- [WORK INSTRUCTION]
Drop every image, then reproduce the data exactly as given.

- [GIVEN INFORMATION]

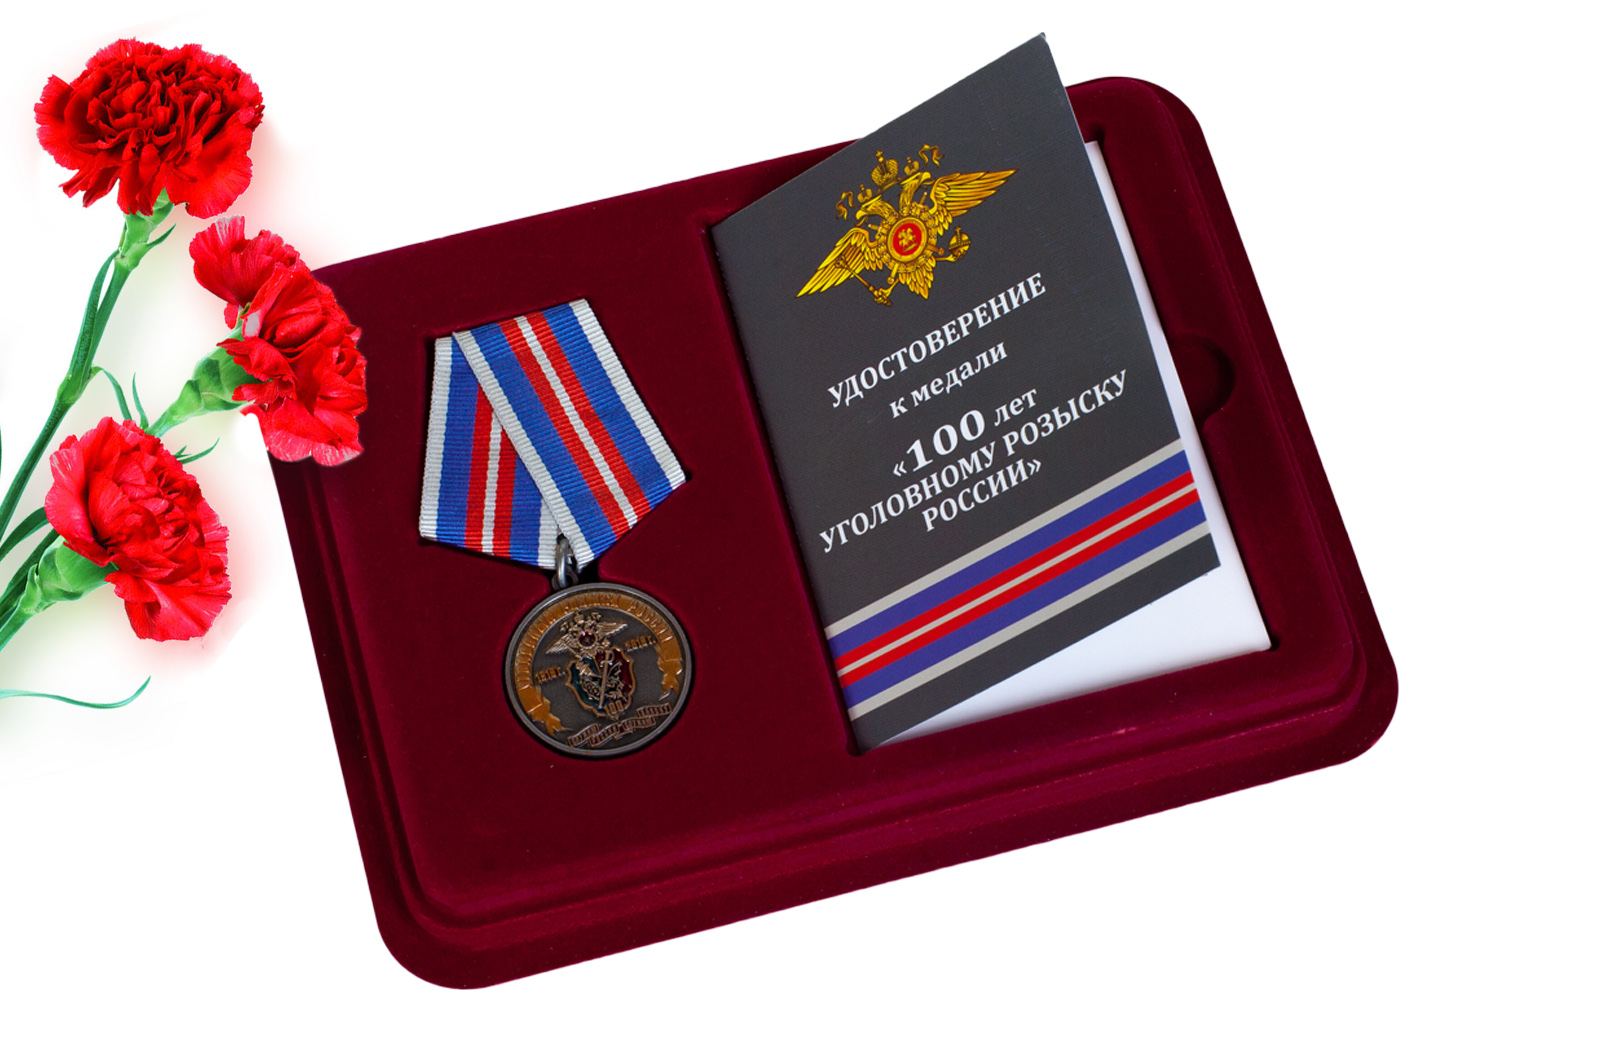 Купить юбилейную медаль 100 лет Уголовному розыску России 1918-2018 онлайн
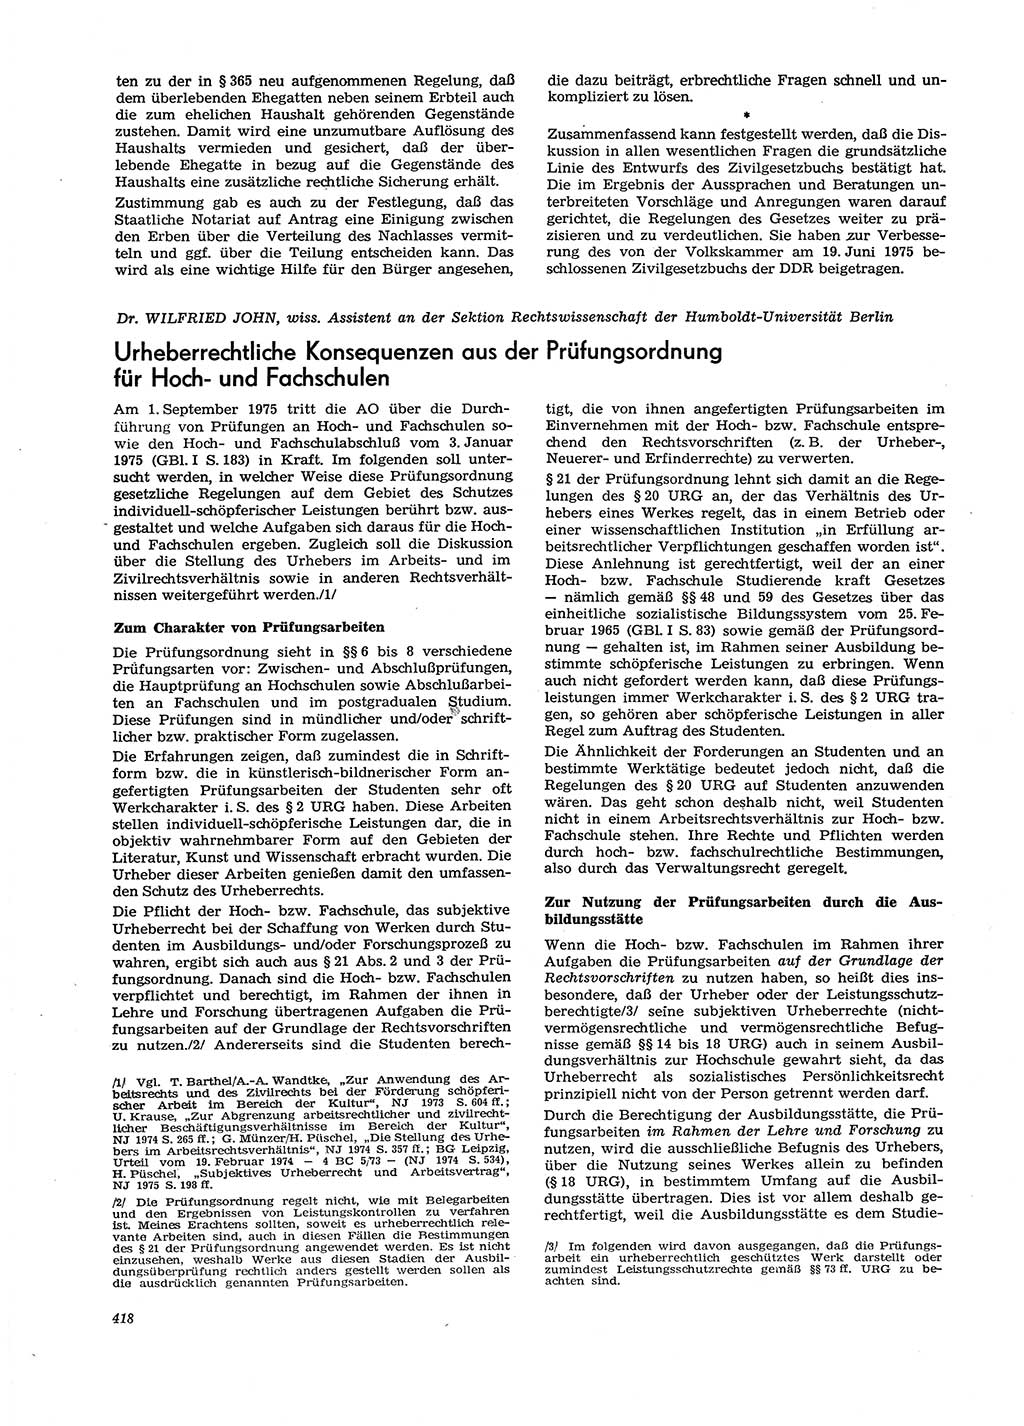 Neue Justiz (NJ), Zeitschrift für Recht und Rechtswissenschaft [Deutsche Demokratische Republik (DDR)], 29. Jahrgang 1975, Seite 418 (NJ DDR 1975, S. 418)
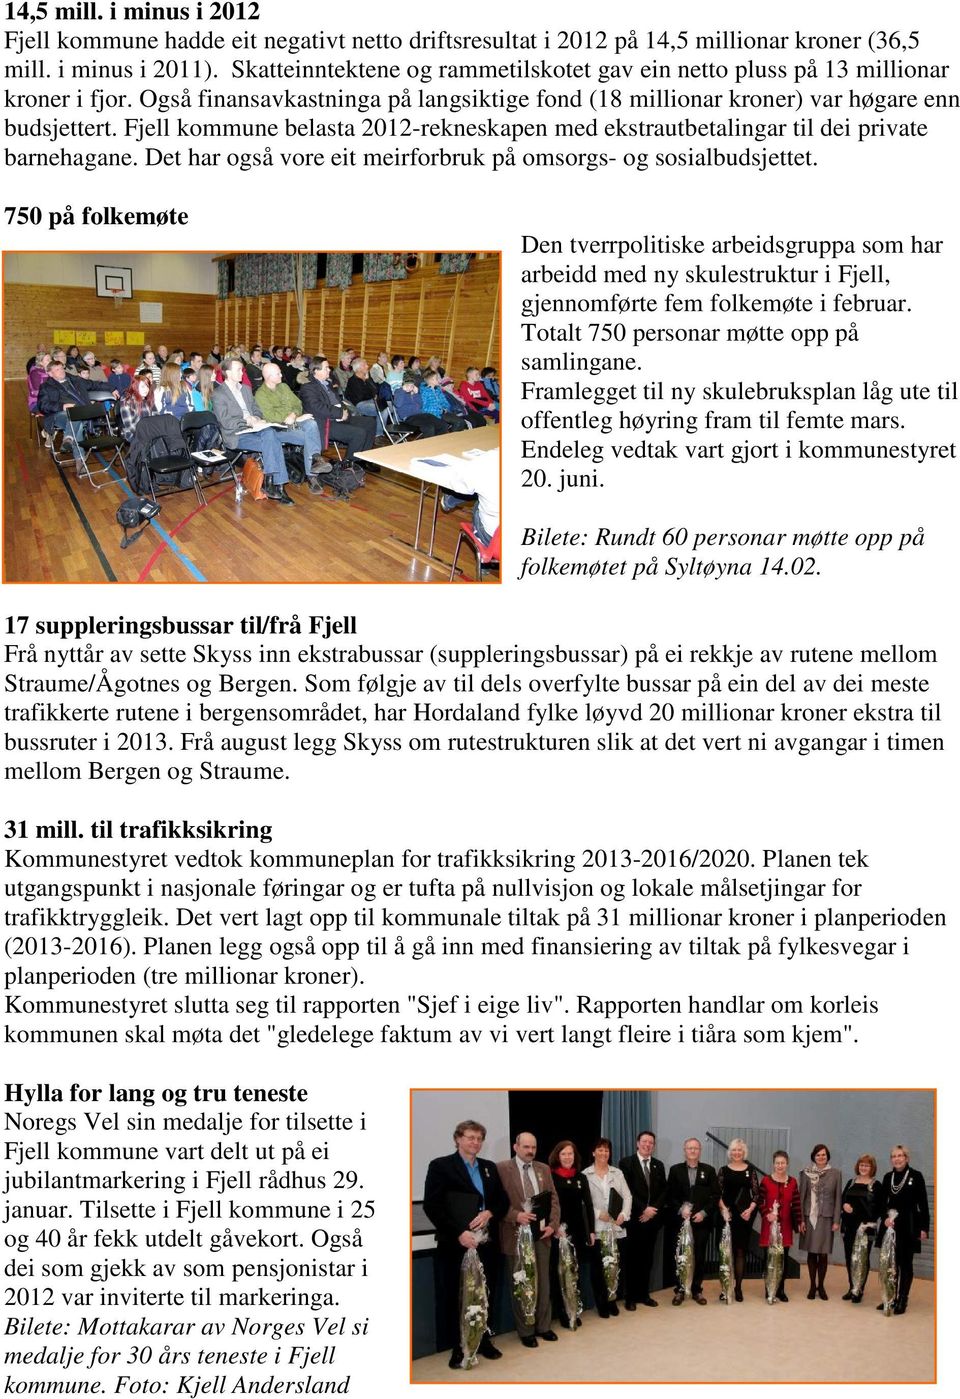 Fjell kommune belasta 2012-rekneskapen med ekstrautbetalingar til dei private barnehagane. Det har også vore eit meirforbruk på omsorgs- og sosialbudsjettet.

- [WRITTEN SOLUTION]
 Купить юбилейную медаль 100 лет Уголовному розыску России 1918-2018 онлайн
 Neue Justiz (NJ), Zeitschrift für Recht und Rechtswissenschaft [Deutsche Demokratische Republik (DDR)], 29. Jahrgang 1975, Seite 418 (NJ DDR 1975, S. 418)
 Fjell kommune belasta 2012-rekneskapen med ekstrautbetalingar til dei private barnehagane. Det har også vore eit meirforbruk på omsorgs- og sosialbudsjettet.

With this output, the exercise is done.